Danielle Berkheimer said she was nervous as she drove home Tuesday night and afraid to let her two dogs out in the yard.
"When it's 300-pound cats, that's scary," she said. She said it had been odd Tuesday night to see no one out around town, and the signs warning drivers to stay in their cars were "surreal."
Some townspeople were saddened by the deaths. At a nearby Moose Lodge, Bill Weiser said: "It's breaking my heart, them shooting those animals."
Ohio has some of the nation's weakest restrictions on exotic pets and among the highest number of injuries and deaths caused by them. At least nine people have been injured since 2005 and one person was killed, according to Born Free USA, an animal advocacy group.
On Wednesday, the Humane Society of the United States criticized Gov.

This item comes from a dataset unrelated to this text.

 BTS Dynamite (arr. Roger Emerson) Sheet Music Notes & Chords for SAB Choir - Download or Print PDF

John Kasich for allowing a statewide ban on the buying and selling of exotic pets to expire in April. The organization urged the state to immediately issue emergency restrictions.
"How many incidents must we catalog before the state takes action to crack down on private ownership of dangerous exotic animals?" Wayne Pacelle, president and CEO, said in a statement.

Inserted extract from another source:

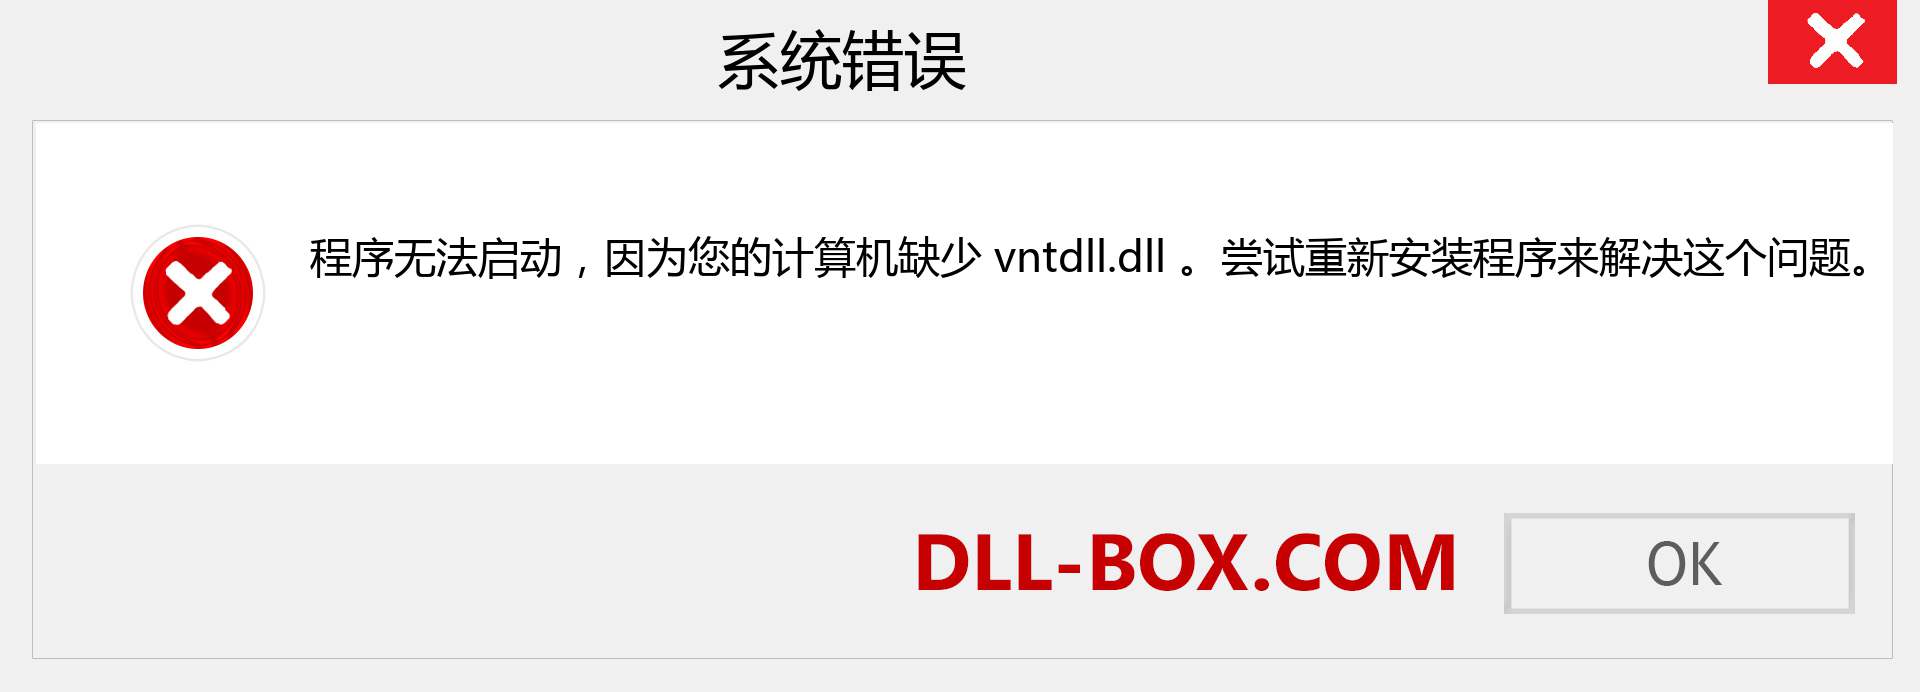 vntdll.dll 文件丢失？。 适用于 Windows 7、8、10 的下载 - 修复 Windows、照片、图像上的 vntdll dll 丢失错误

Kasich said Wednesday during a meeting of Dix Communications editors: "Clearly, we need tougher laws. We haven't had them in this state. Nobody's dealt with this, and we will. And we'll deal with it in a comprehensive way."
Barney Long, an expert at the World Wildlife Fund, noted that tigers in general are endangered. He said there appear to be fewer of them living in the wild than there are in captivity in the U.S. alone. Over the last century, the worldwide population has plunged from about 100,000 in the wild to as few as 3,200, he said.

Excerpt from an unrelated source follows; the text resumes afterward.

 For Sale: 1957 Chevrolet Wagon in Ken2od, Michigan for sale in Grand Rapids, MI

More than half are Bengal tigers, which live in isolated pockets across Nepal, Bhutan, Myanmar, India and Bangladesh, he said in a telephone interview
"The tragic shooting of 18 tigers in Ohio really highlights what is happening on a daily basis to tigers in the wild throughout Asia," Long added in an email. "Their numbers are being decimated by poaching and habitat loss, and that is the real travesty here."